A verbatim copy of the data is wanted, minus any picture in it.
(DATA SHOWN Opens)
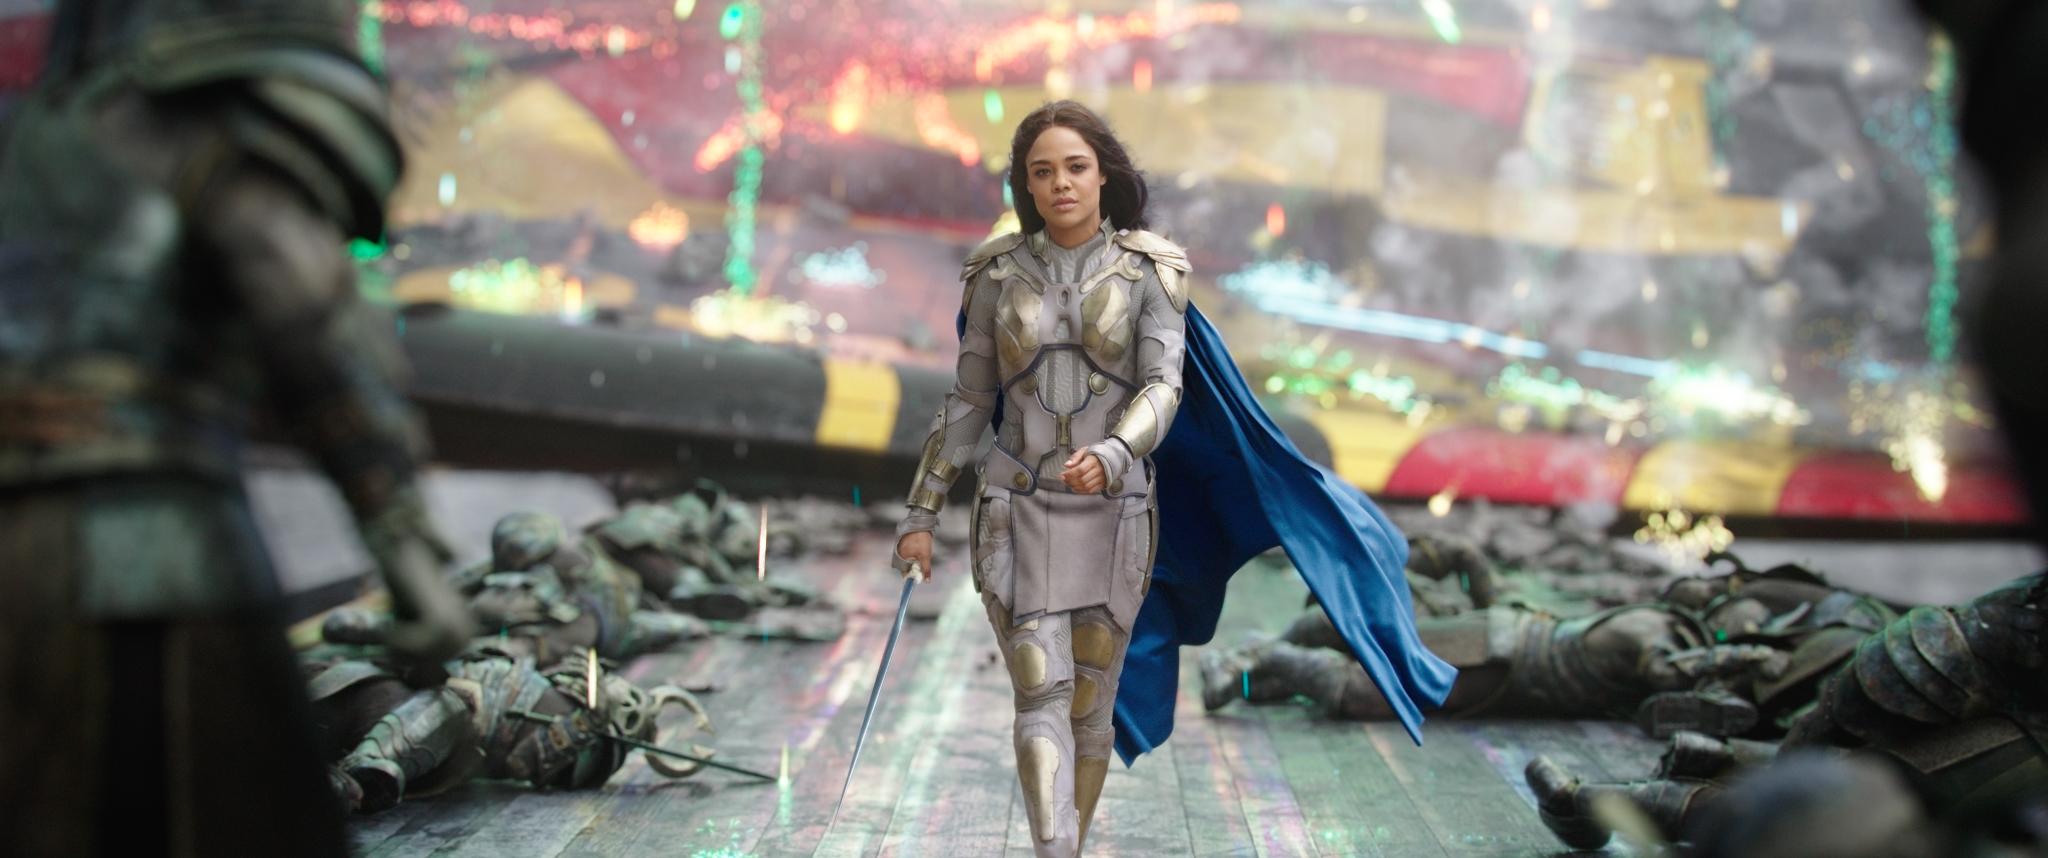 Marvel's Phase 4 Will Actively Embrace Diversity, Tessa Thompson Says
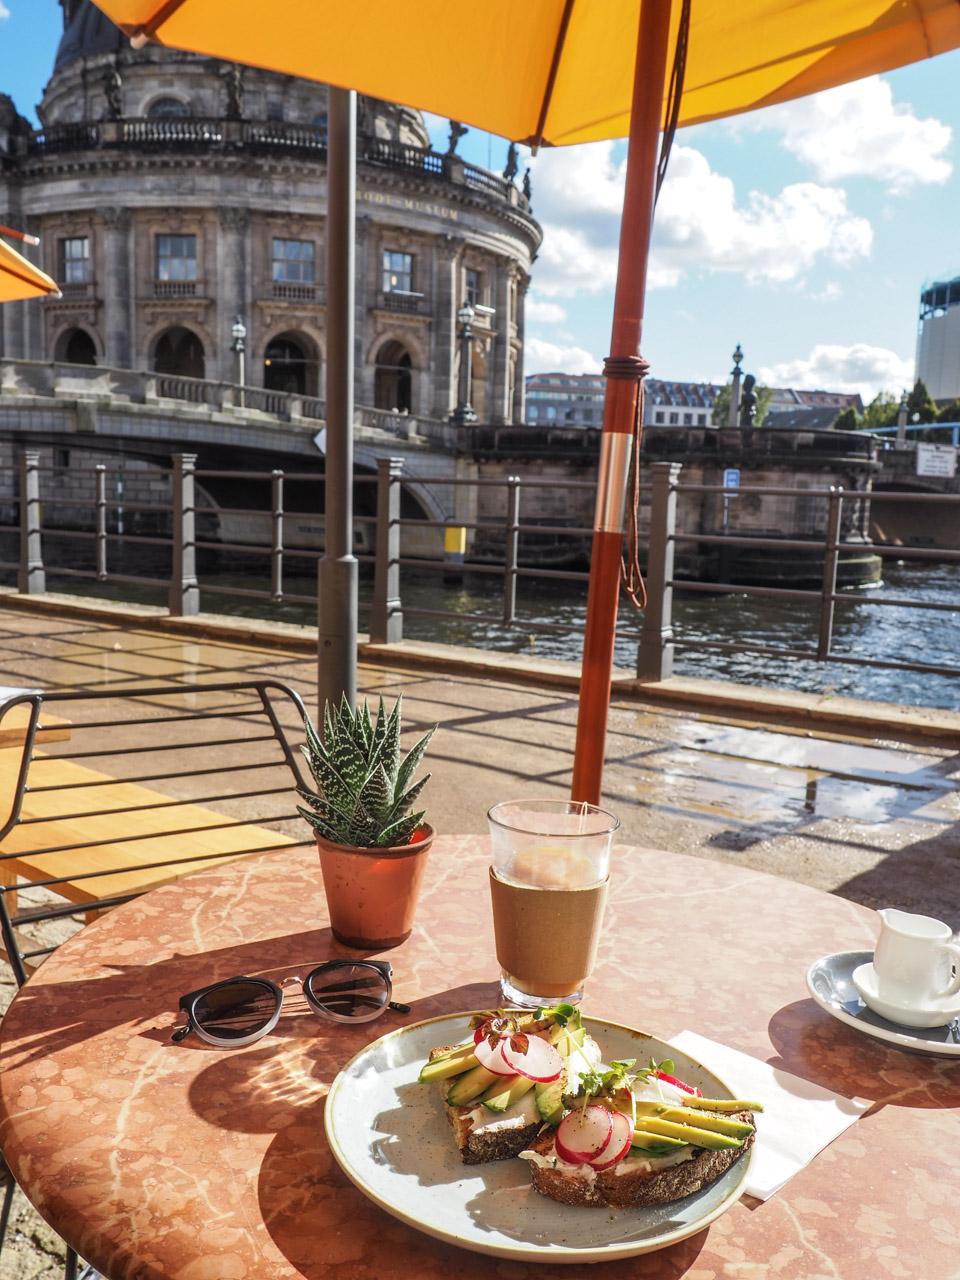 Avocado cafe Berlin
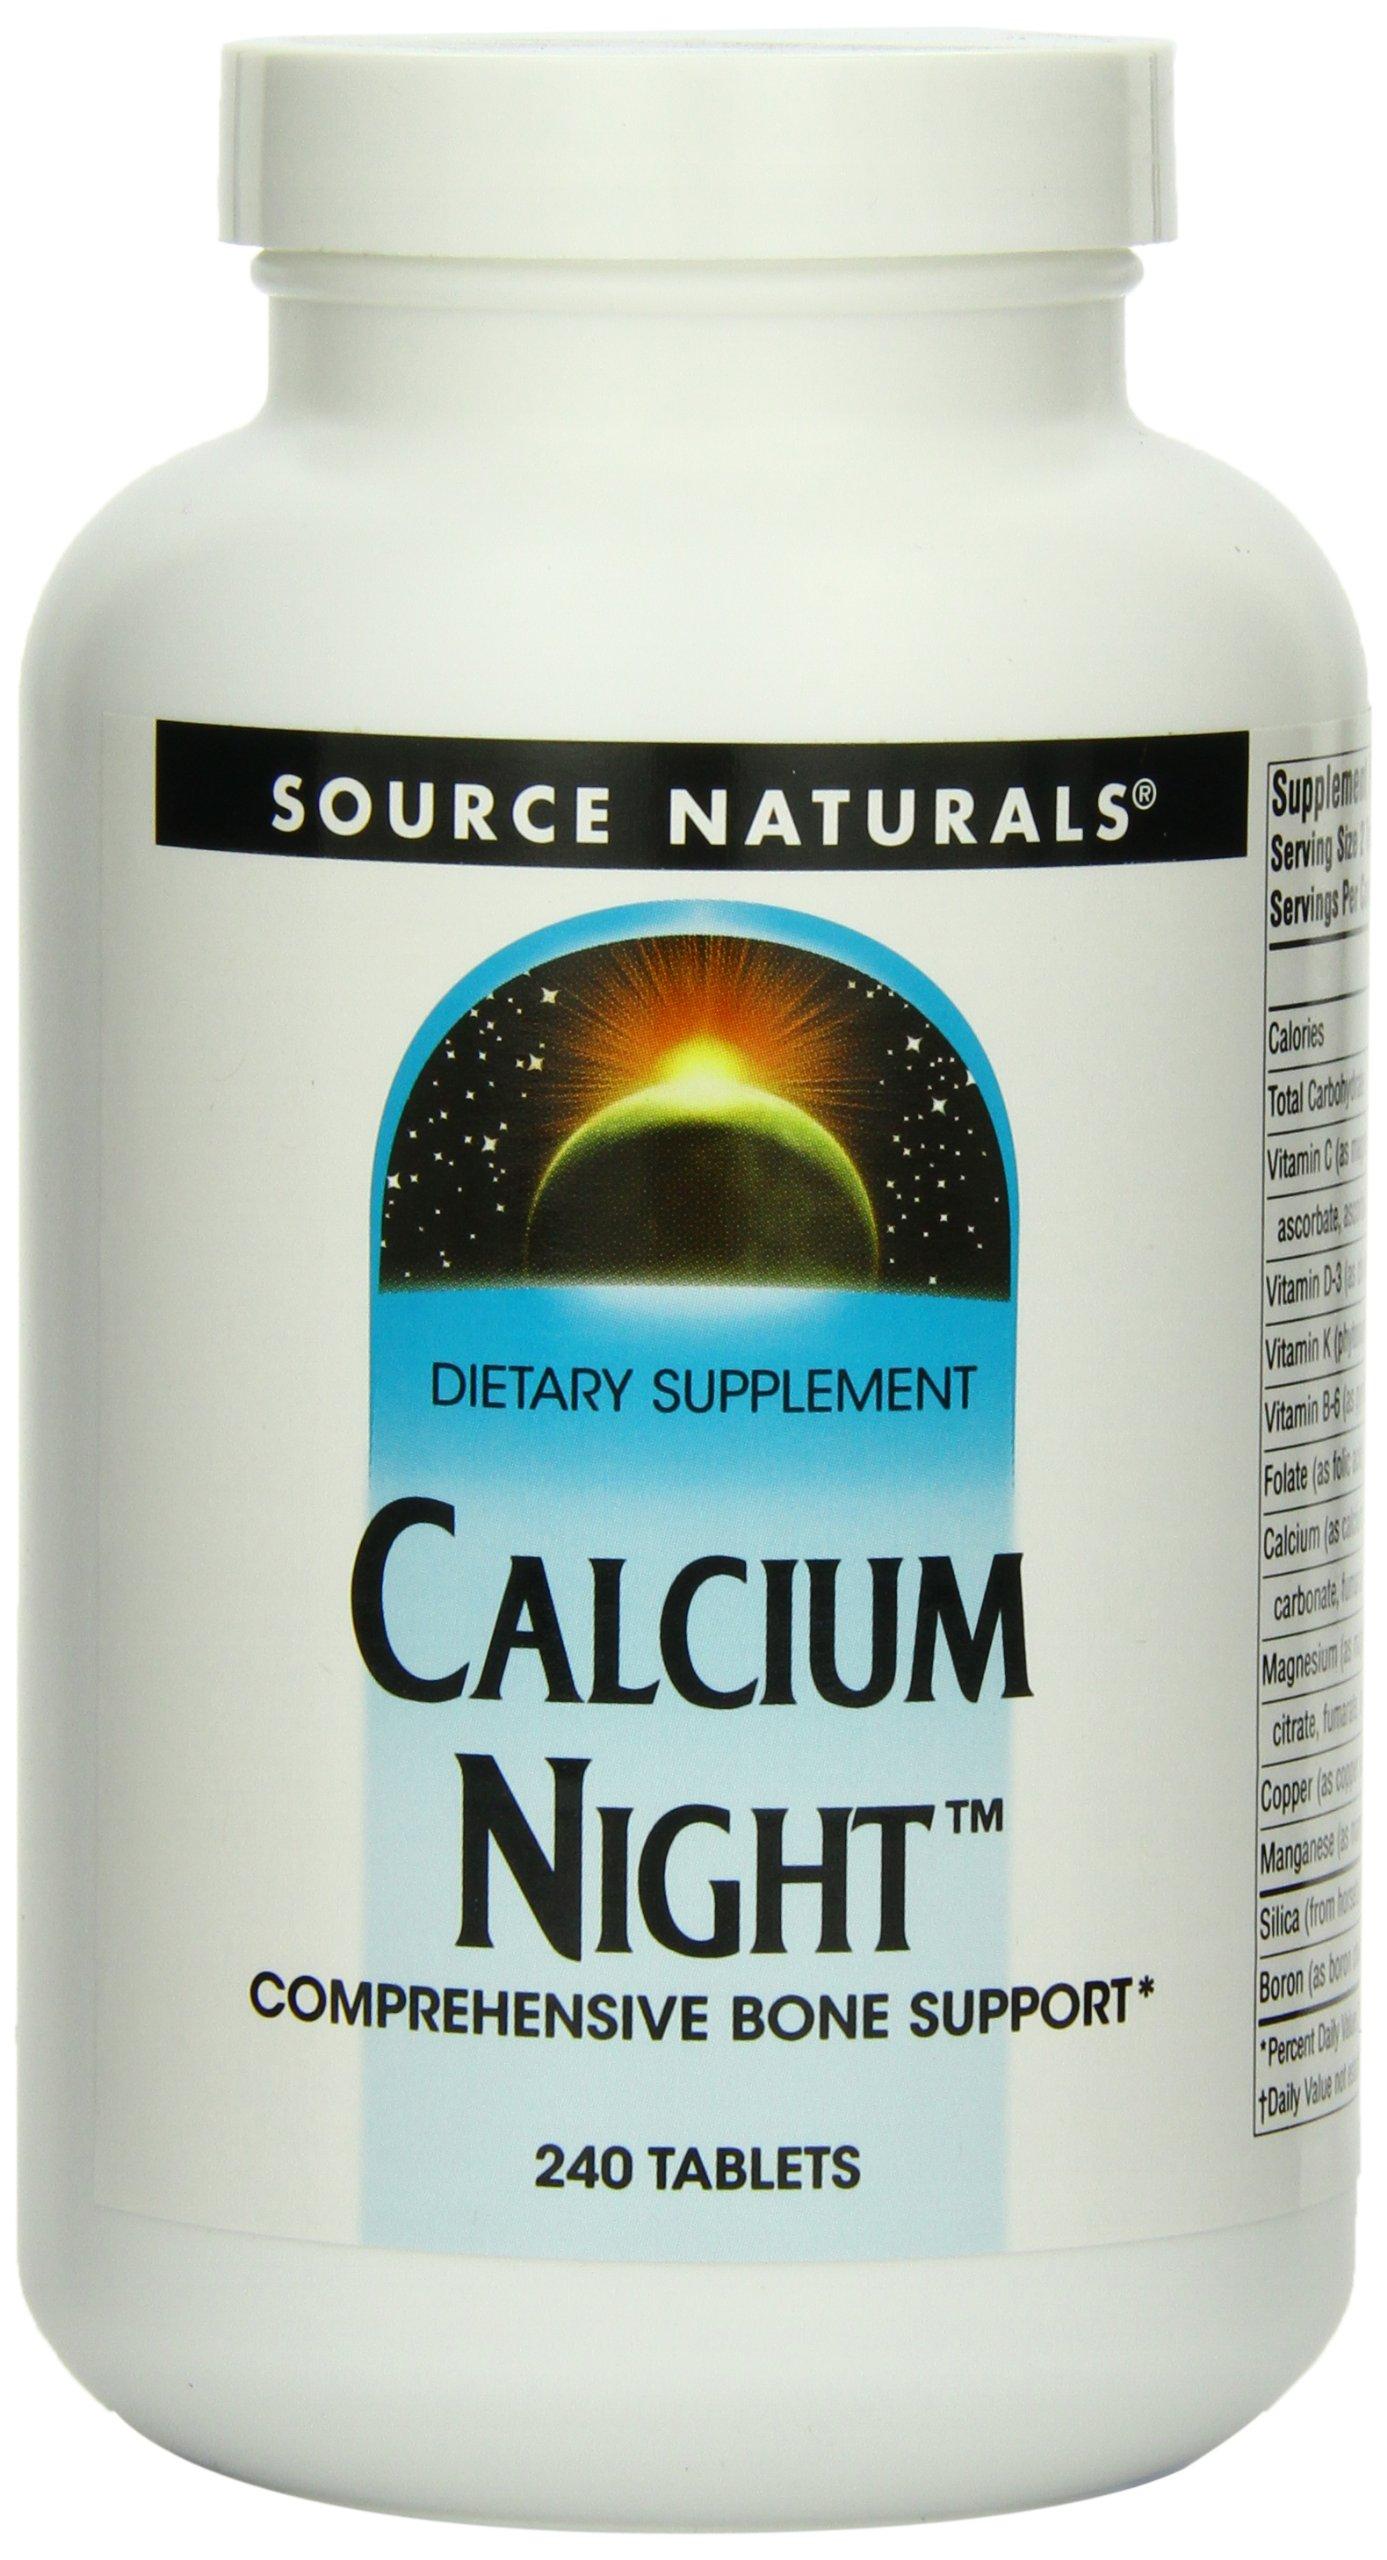 Source Naturals Calcium Night, 240 Tablets
(DATA SHOWN Closes)
#### RESPONSE TO THIS TASK:
 Marvel's Phase 4 Will Actively Embrace Diversity, Tessa Thompson Says
 Avocado cafe Berlin
 Source Naturals Calcium Night, 240 Tablets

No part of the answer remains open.